That's right folks, In the Name of Love (or 'luurve' when said after a show, and two drinks)
It's the name of the first production I've been in since leaving dat ole Cruisin' bidness.
The gig was in Portugal's Algarve, Lagoa to be precise, and at 75o euros for just one show (plus five days rehearsal) it was also twice the pay I'd have earned from a week at sea. I wish jobs came along like this more often....Here's the programme.
And look, me! I have no idea if my Biog is correct, it's all Portugese to me...
The three other dancers in the cast were the nicest people you could ever hope to meet, and way too talented to be kicking around with the likes of me.
Here are the two guys, after a particularly tough day of rehearsing, and about to go for a beer at a pasteleria across the street.
Taxis, flights, hotel accommodation in my own room
(just when I thought I'd eradicated it from my vocabulary, the Hotel Cristal!)

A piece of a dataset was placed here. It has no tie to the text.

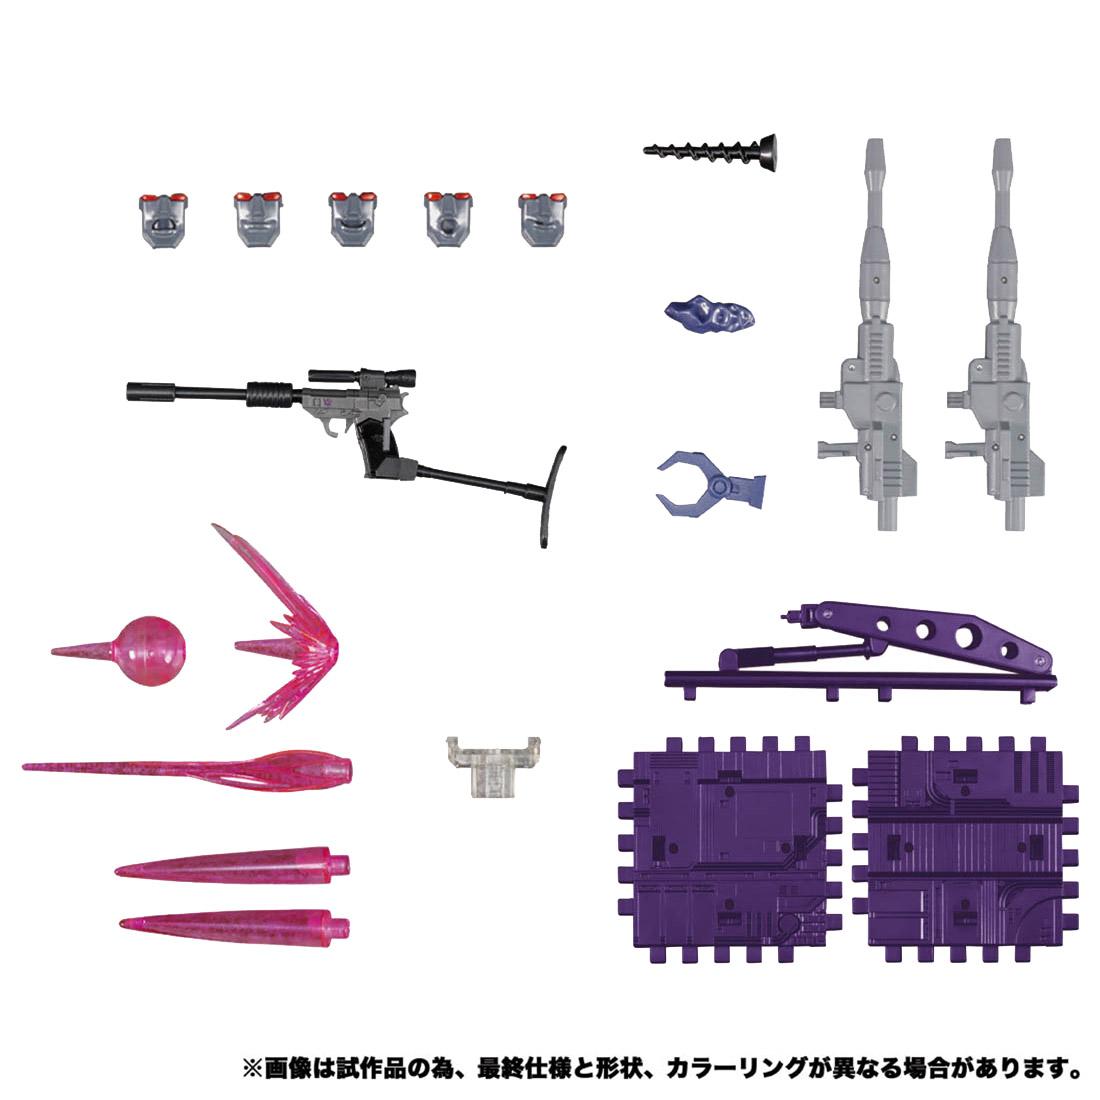 マスターピース『MP-52 スタースクリームVer.2.0』トランスフォーマー 可変可動フィギュア-009

breakfast AND dinner all paid for -a local restaurant 'sponsored' us for the latter- plus music composed by an emotional Serbian named Zoran who actually cried during rehearsals, the show, seeing us interact at dinner (no joke, the guy loved us) added up to a pretty damn-near perfect job, even with pointe shoes on.
Here are mine, all pancaked up to look like extensions of my feet, which they most definitely are not.
I always have to ask myself how something so biologically wrong can look so pleasing onstage?
In a nutshell, it was an original work, and original choreography. (Read: nobody ever did it before, so I could call a few shots)
The dressing rooms were the nicest and newest I've ever been in. Check it out: FREE WATER!
Humble dancers never usually get such things.
And this shower is unbelieveable of a theatre its' size (350 pax).
The piano/violin/flute trio who accompanied us without conductor (we were only in the second act, time for nice long warm-up at the Get-Go!) made the whole thing unpredictable- one piece was decidedly slow- but lyrical and lovely. Not to get all artistic, but I could actually feel them. No tracks to fill, no old rehashing of Broadway, just us.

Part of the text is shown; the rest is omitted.